Aristotle’s students gathered descriptions of 158 Greek city-states, which Aristotle used to formulate his famous six fold typology of political systems. He distinguished political systems by the number of persons ruling (one, few, or many) and by whether the form was legitimate (rulers governing in the interests of all) or corrupt (rulers governing in their own interests). Legitimate systems included monarchy (rule by one), aristocracy (rule by the few), and polity (rule by the many), while corresponding corrupt forms were tyranny, oligarchy, and democracy. Aristotle considered democracy to be the worst form of government, though in his classification it meant mob rule. The best form of government, a polity, was, in contemporary terms, akin to an efficient, stable democracy. Aristotle presciently noted that a polity functions best if the middle class is large, a point confirmed by modern empirical findings. Aristotle’s classification endured for centuries and is still helpful in understanding political systems.
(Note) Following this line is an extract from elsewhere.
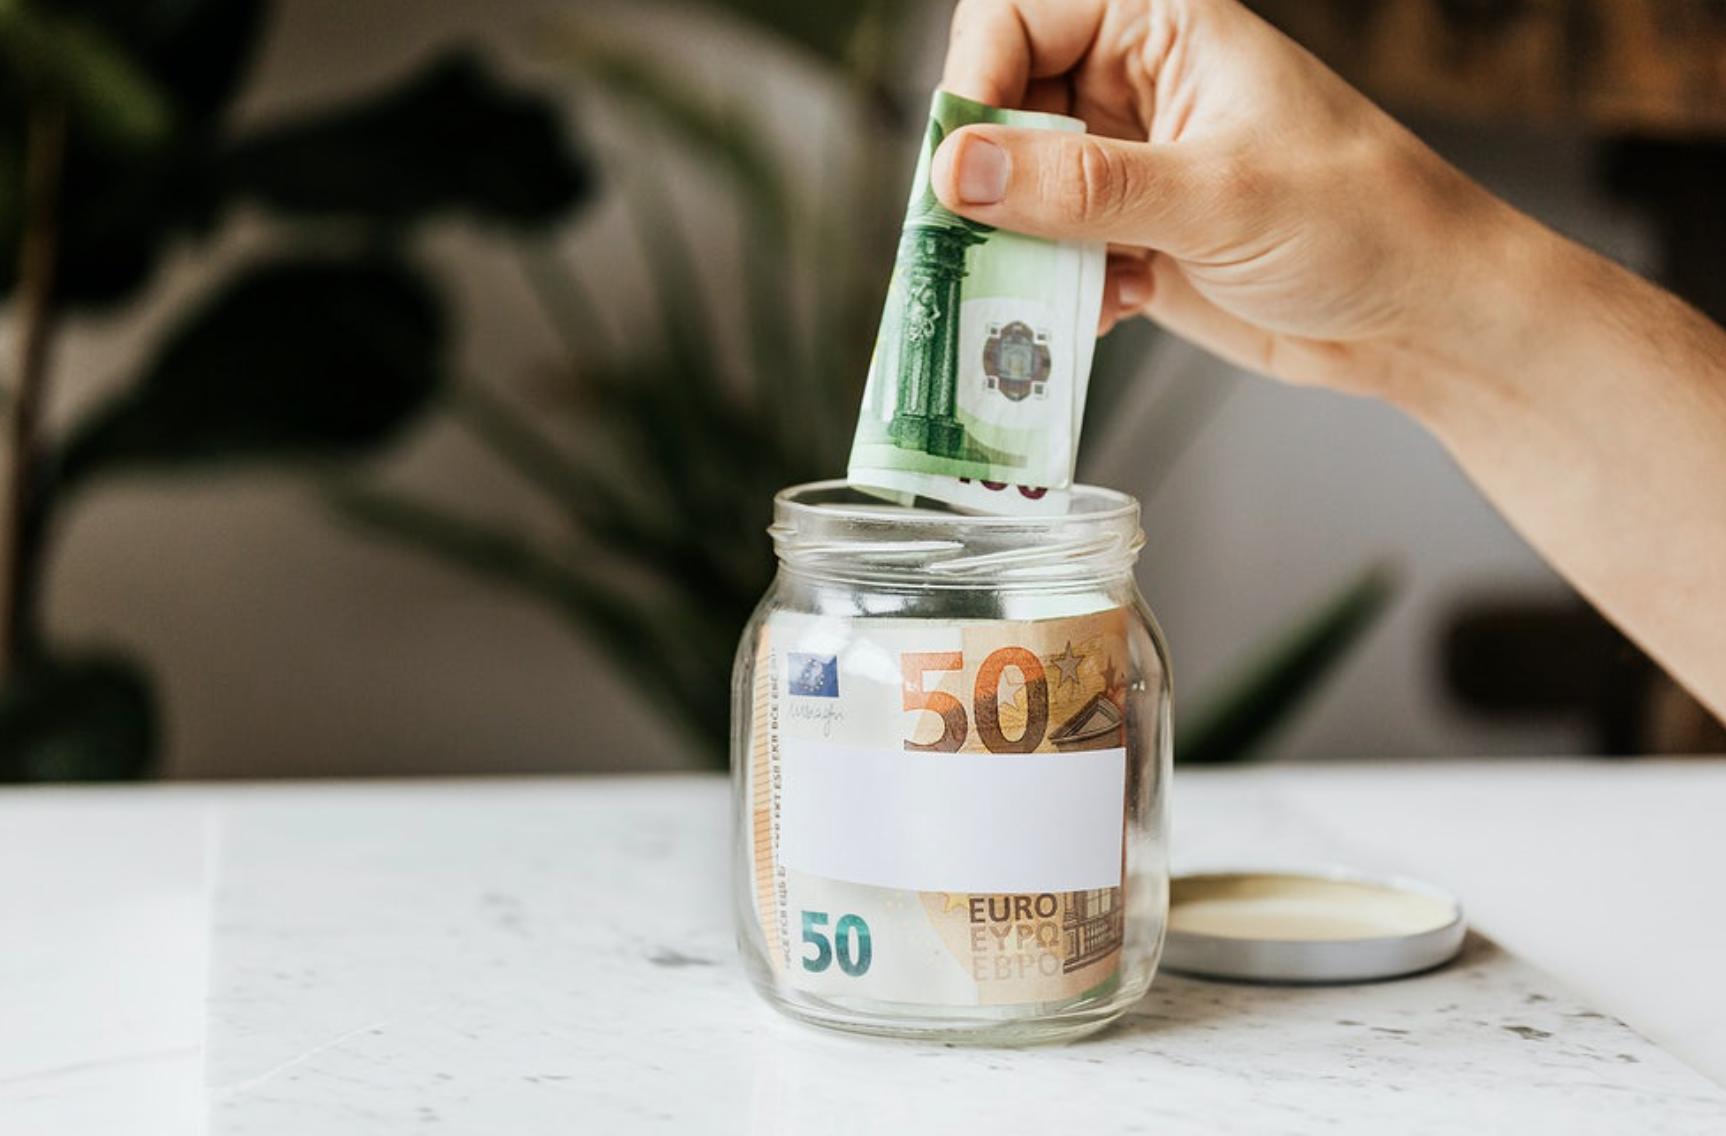 Sagsomkostninger forenklet inkasso og betalingspåkrav
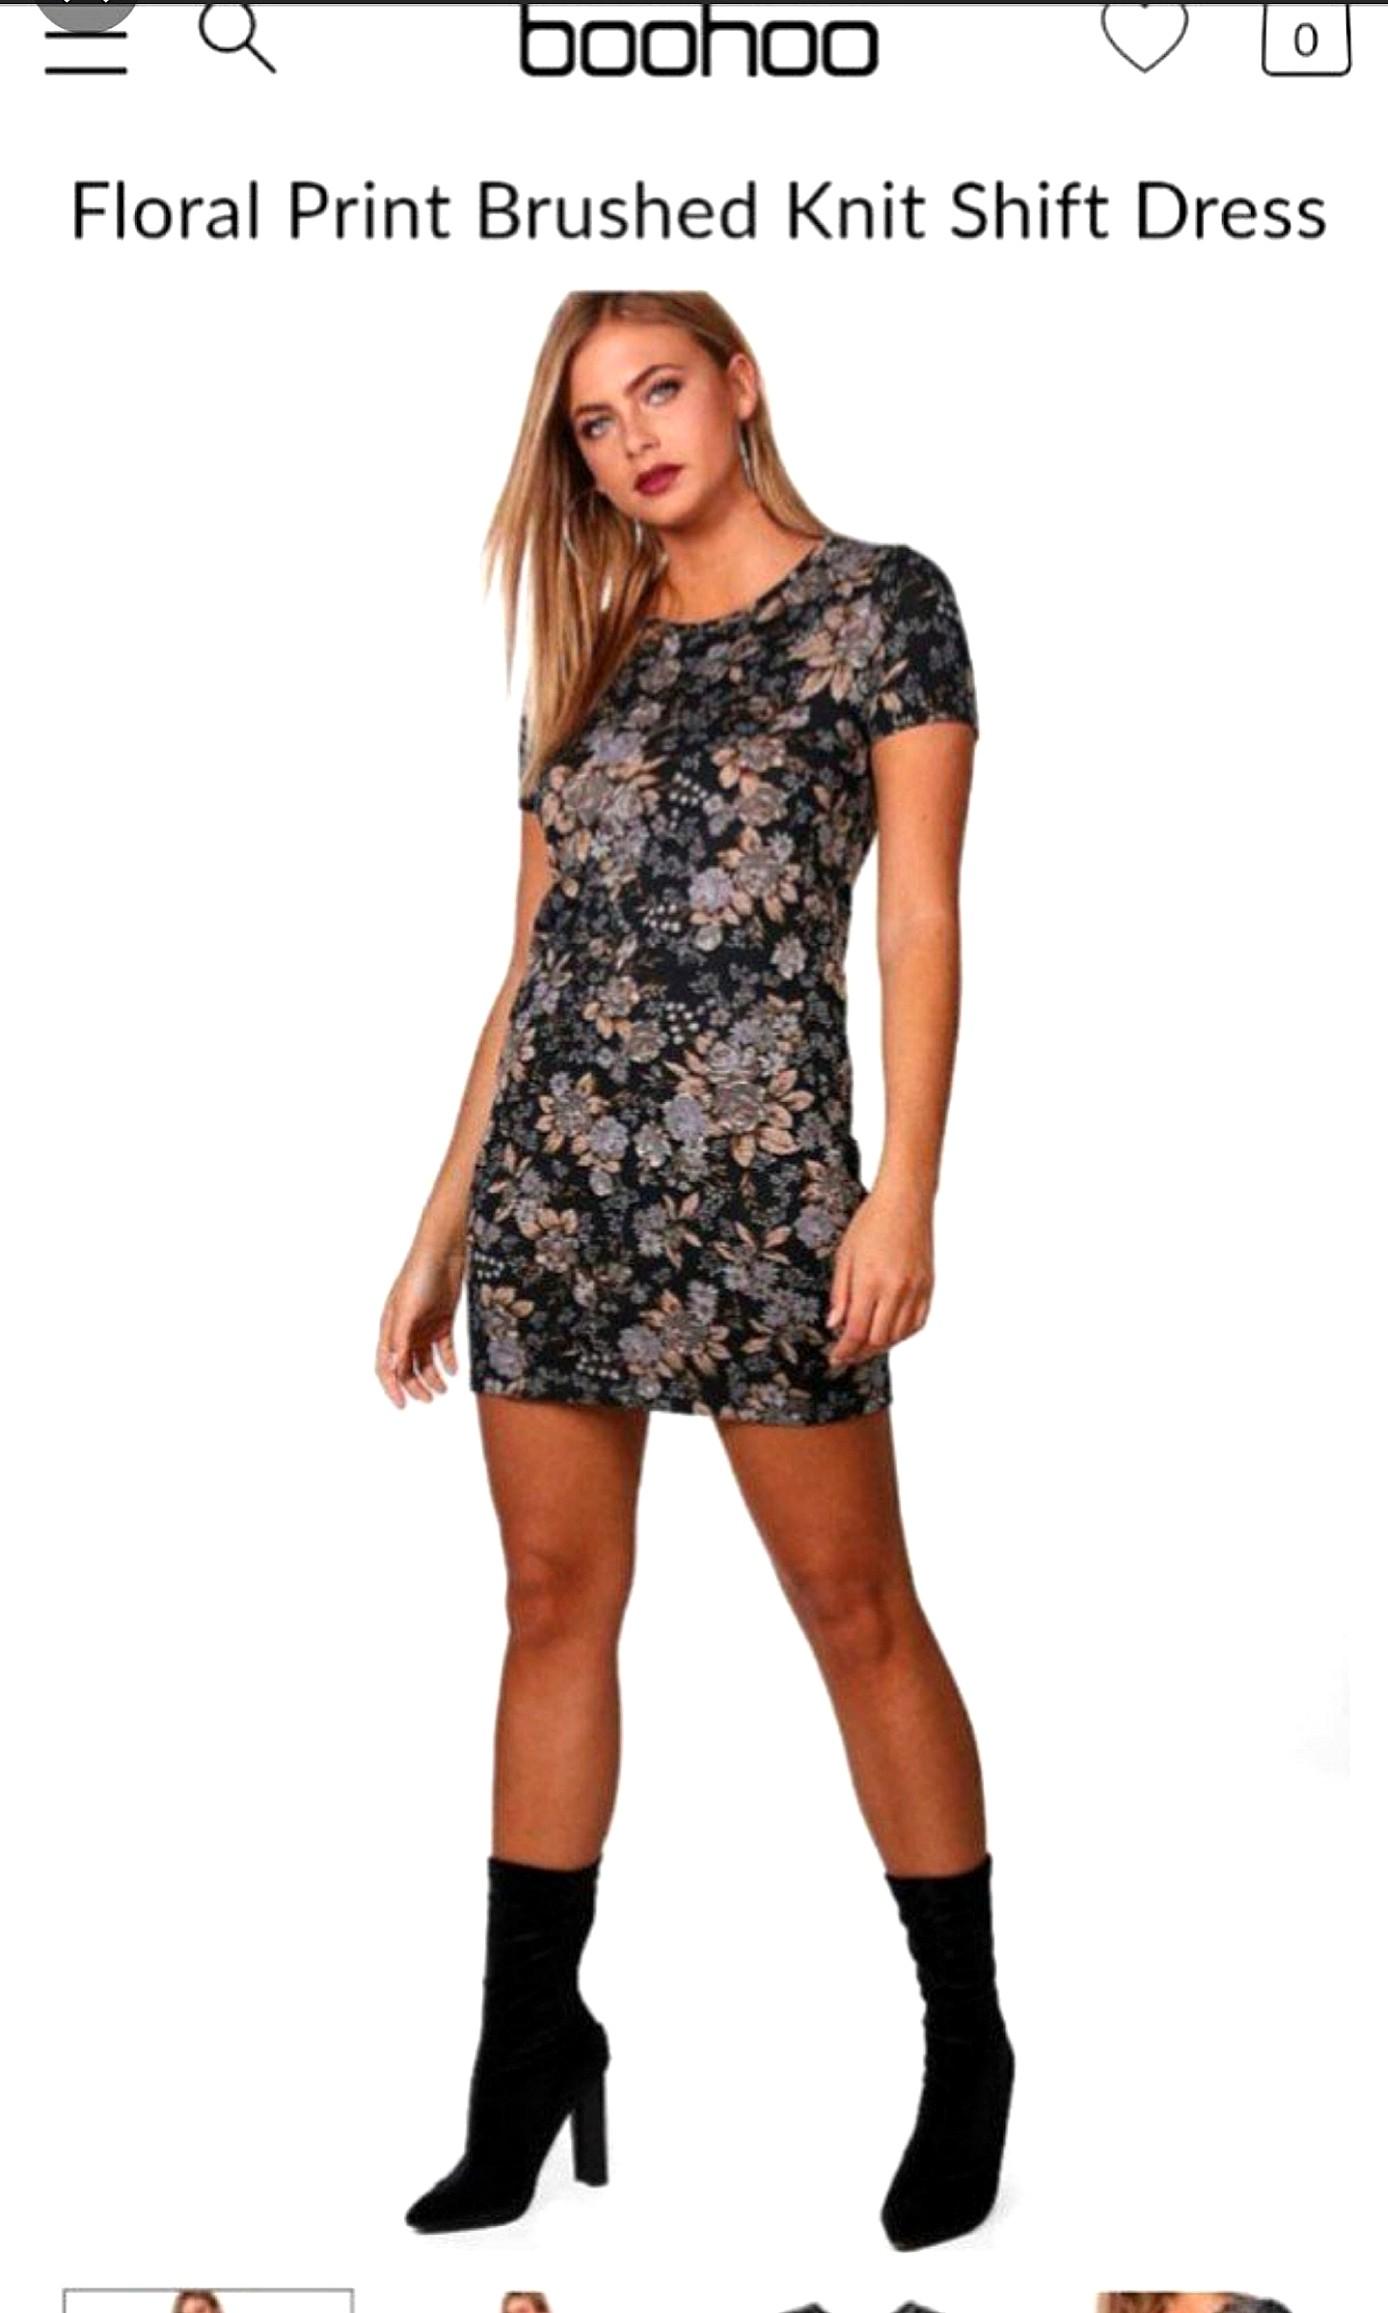 b8eac4e9e9a5 Boohoo Pretty Hayley Floral Print Brushed Knit Shift Dress asos ...

Plato and Aristotle focused on perfecting the polis (city-state), a tiny political entity, which for the Greeks meant both society and political system. The conquest of the Mediterranean world and beyond by Aristotle’s pupil Alexander the Great (336 - 323 bc) and, after his death, the division of his empire among his generals brought large new political forms, in which society and political system came to be seen as separate entities. This shift required a new understanding of politics. Hellenistic thinkers, especially the Stoics, asserted the existence of a natural law that applied to all human beings equally; this idea became the foundation of Roman legalism and Christian notions of equality (see Stoicism). Thus, the Roman orator Marcus Tullius Cicero (106 - 43 bc), who was strongly influenced by the Stoics, was noteworthy for his belief that all human beings, regardless of their wealth or citizenship, possessed an equal moral worth.

Early Christian thinkers, such as St. Augustine (354 - 430), emphasized the dual loyalty of Christians to both God and temporal rulers, with the clear implication that the “heavenly city” is more important and durable than the earthly one. With this came an otherworldly disdain for politics. For eight centuries knowledge of Aristotle was lost to Europe but preserved by Arab philosophers such as al-Fārābī (c. 878 - c. 950) and Averroes (1126 - 1198). Translations of Aristotle in Spain under the Moors revitalized European thought after about 1200. St. Thomas Aquinas (1224/25 - 1274) christianized Aristotle’s Politics to lend it moral purpose. Aquinas took from Aristotle the idea that humans are both rational and social, that states occur naturally, and that government can improve humans spiritually. Thus, Aquinas favored monarchy but despised tyranny, arguing that kingly authority should be limited by law and used for the common good.

The Italian poet and philosopher Dante (1265 - 1321) argued in De monarchia for a single world government. At the same time, the philosopher Marsilius of Padua (1280 - 1343), in “Defensor Pacis(1324, “Defender of the Peace”), introduced secularization by elevating the state over the church as the originator of laws. For this, as well as for proposing those legislators are elected, Marsilius ranks as an important modernizer.